PROBLEM.
Here the job is to retype the data word for word while leaving the pictures aside.

PROVIDED MATERIAL.

>>>

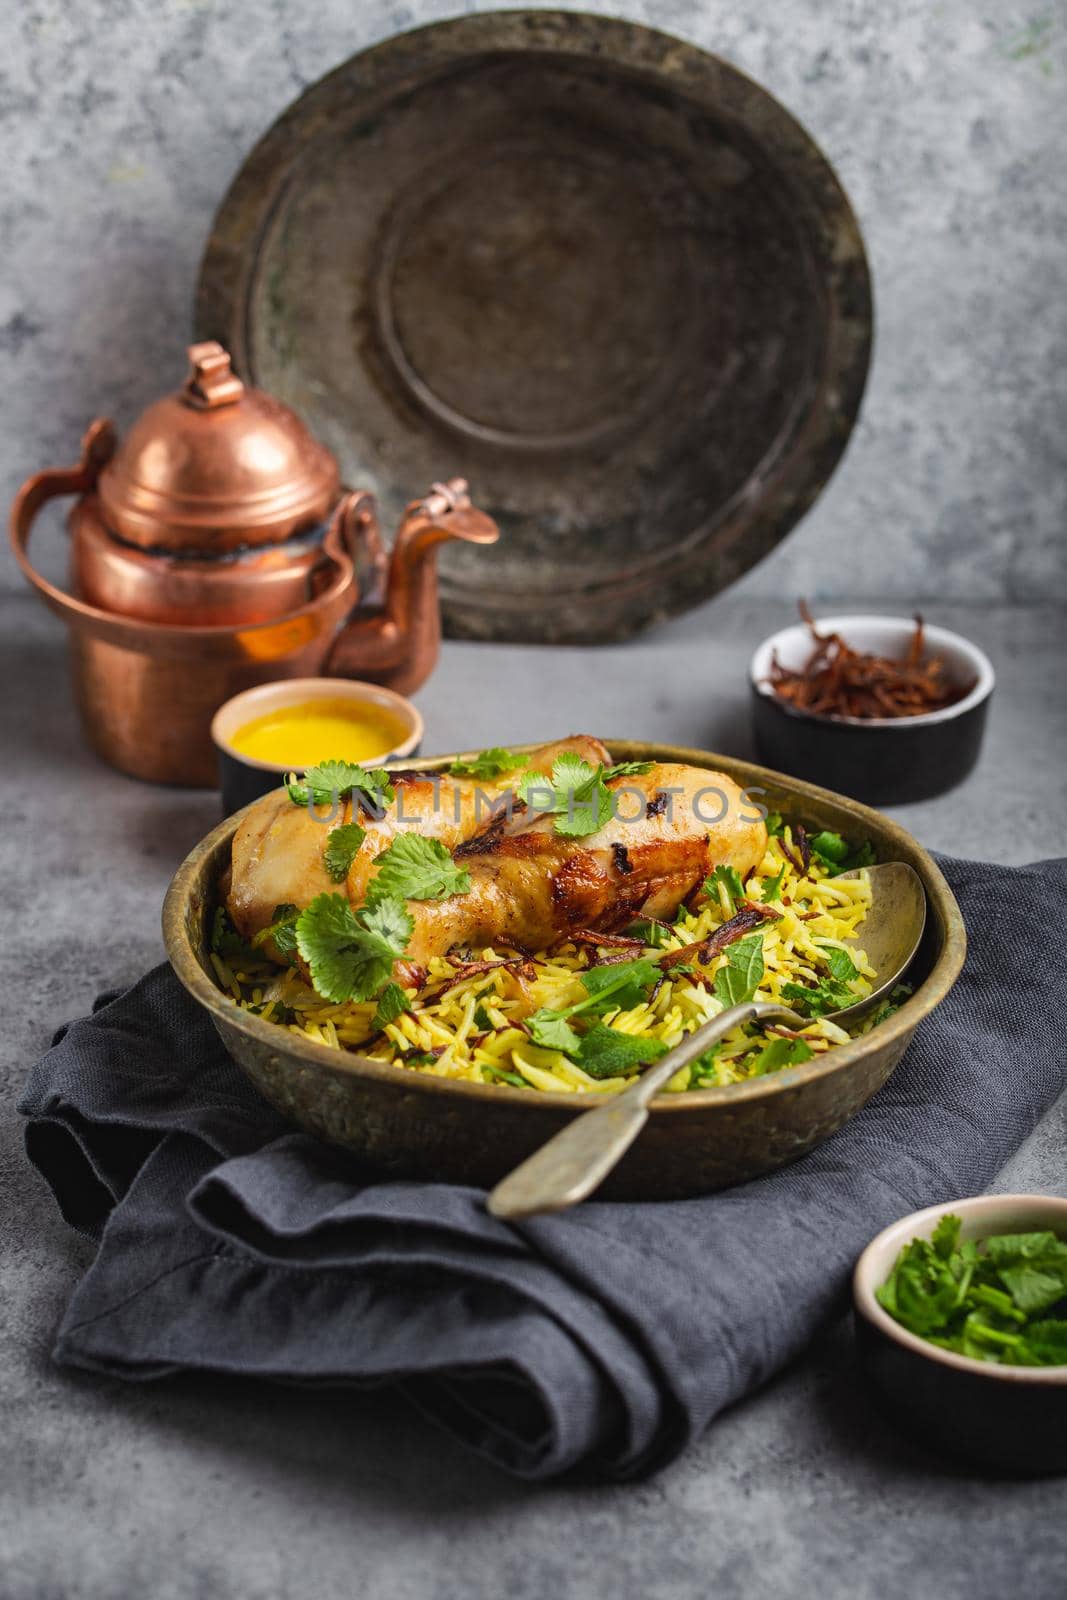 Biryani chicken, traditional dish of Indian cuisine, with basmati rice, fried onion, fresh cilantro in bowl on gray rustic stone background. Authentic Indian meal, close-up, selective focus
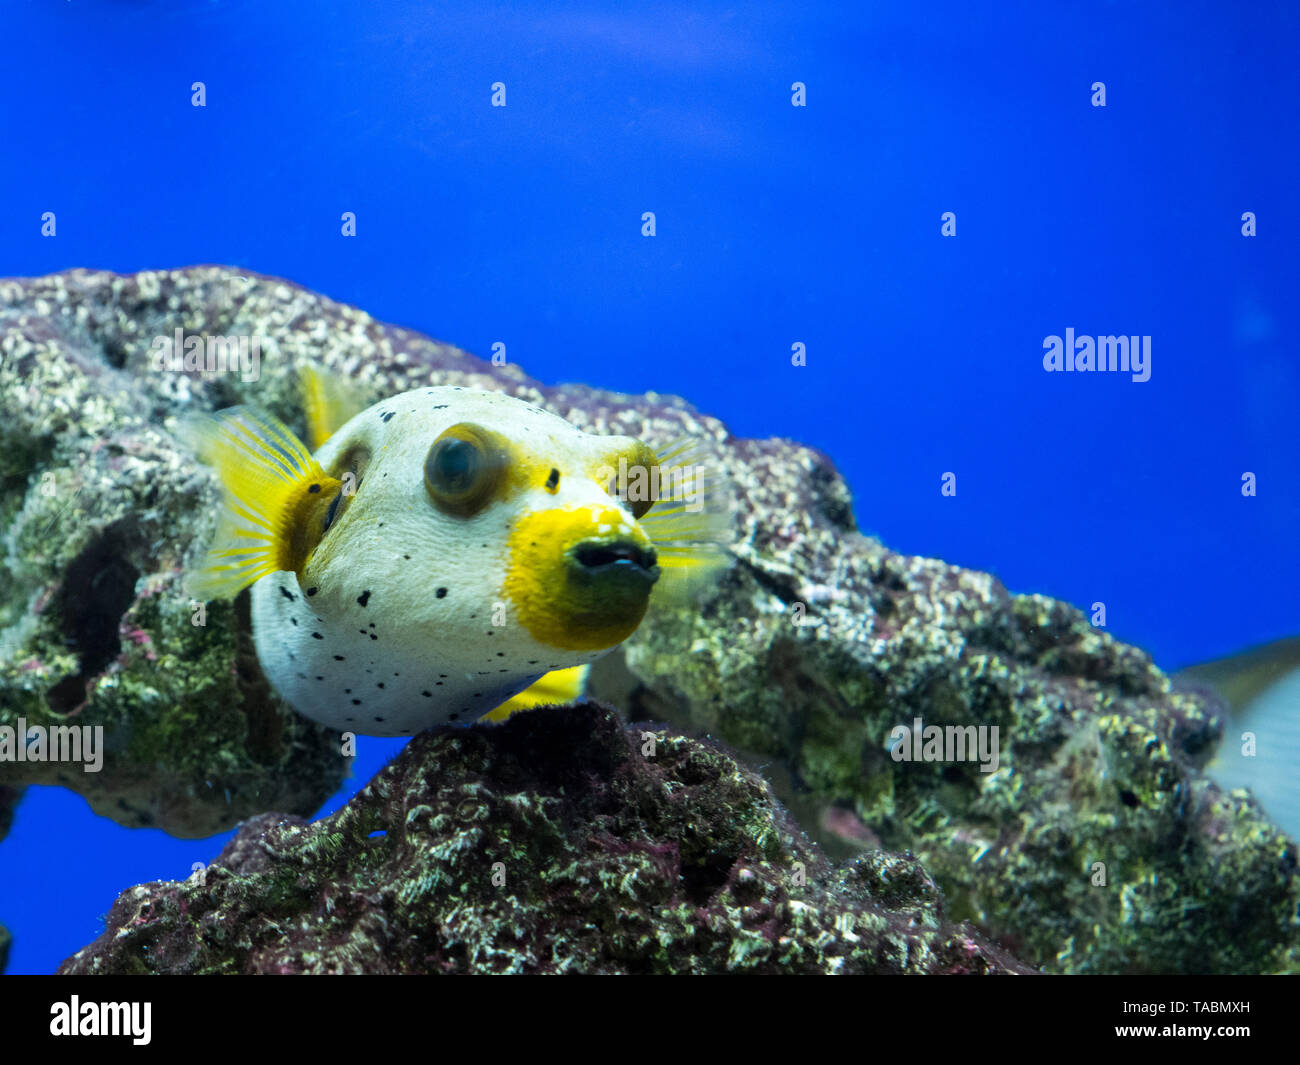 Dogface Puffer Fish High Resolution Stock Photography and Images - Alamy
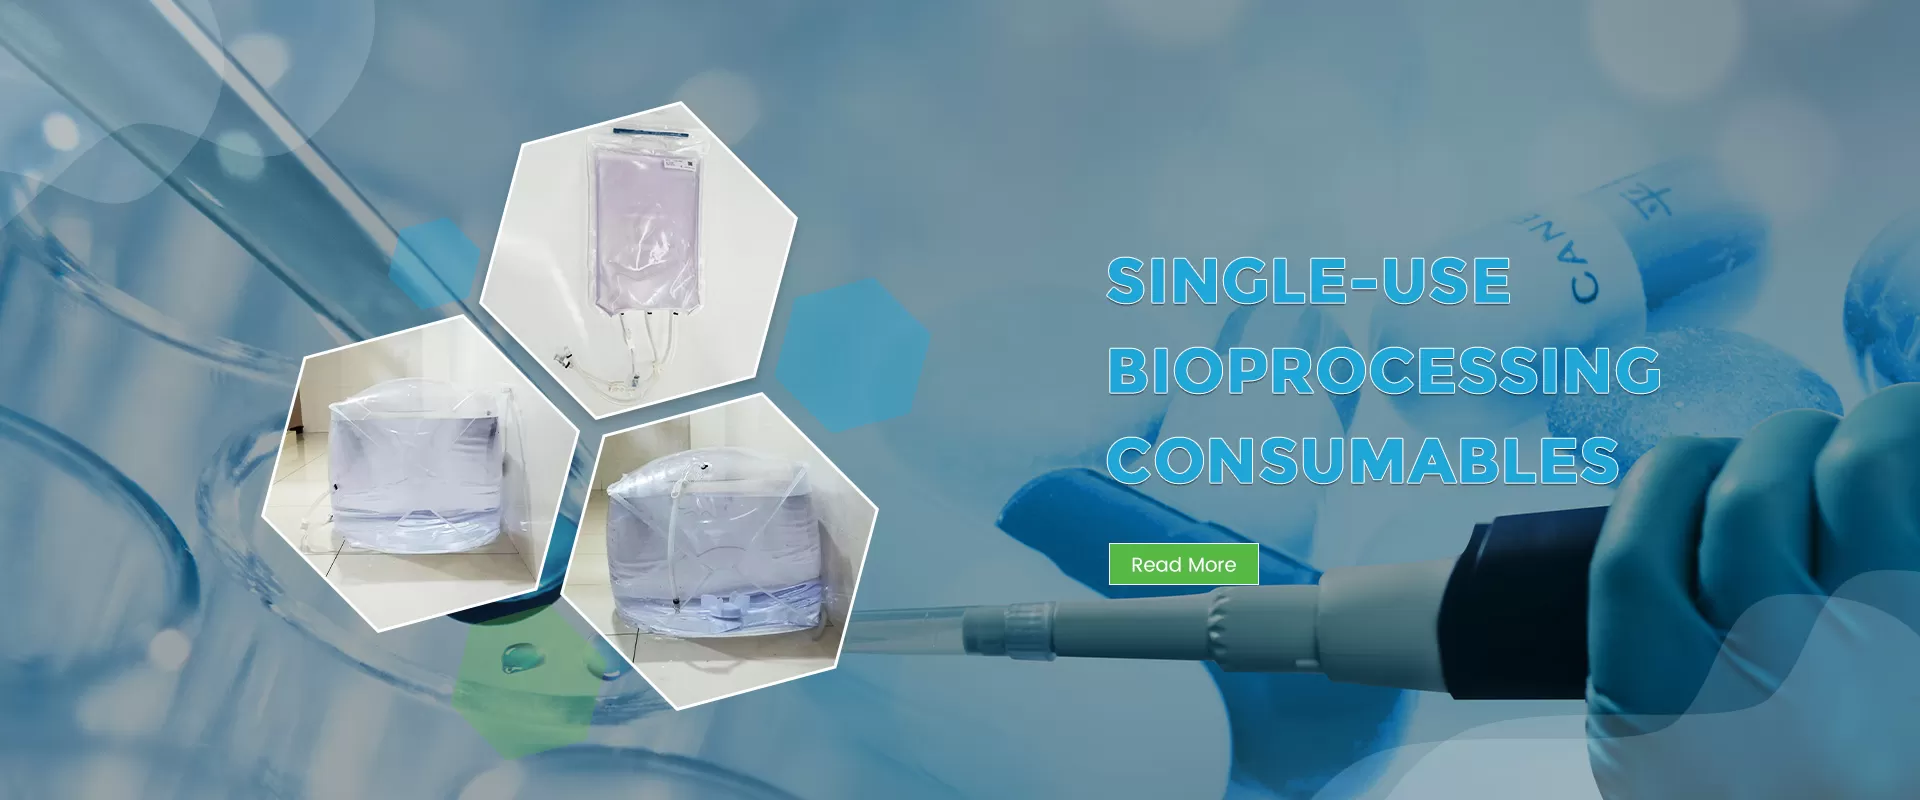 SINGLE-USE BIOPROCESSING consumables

<<<

ANSWER SPACE.
 Biryani chicken, traditional dish of Indian cuisine, with basmati rice, fried onion, fresh cilantro in bowl on gray rustic stone background. Authentic Indian meal, close-up, selective focus
 Dogface Puffer Fish High Resolution Stock Photography and Images - Alamy
 SINGLE-USE BIOPROCESSING consumables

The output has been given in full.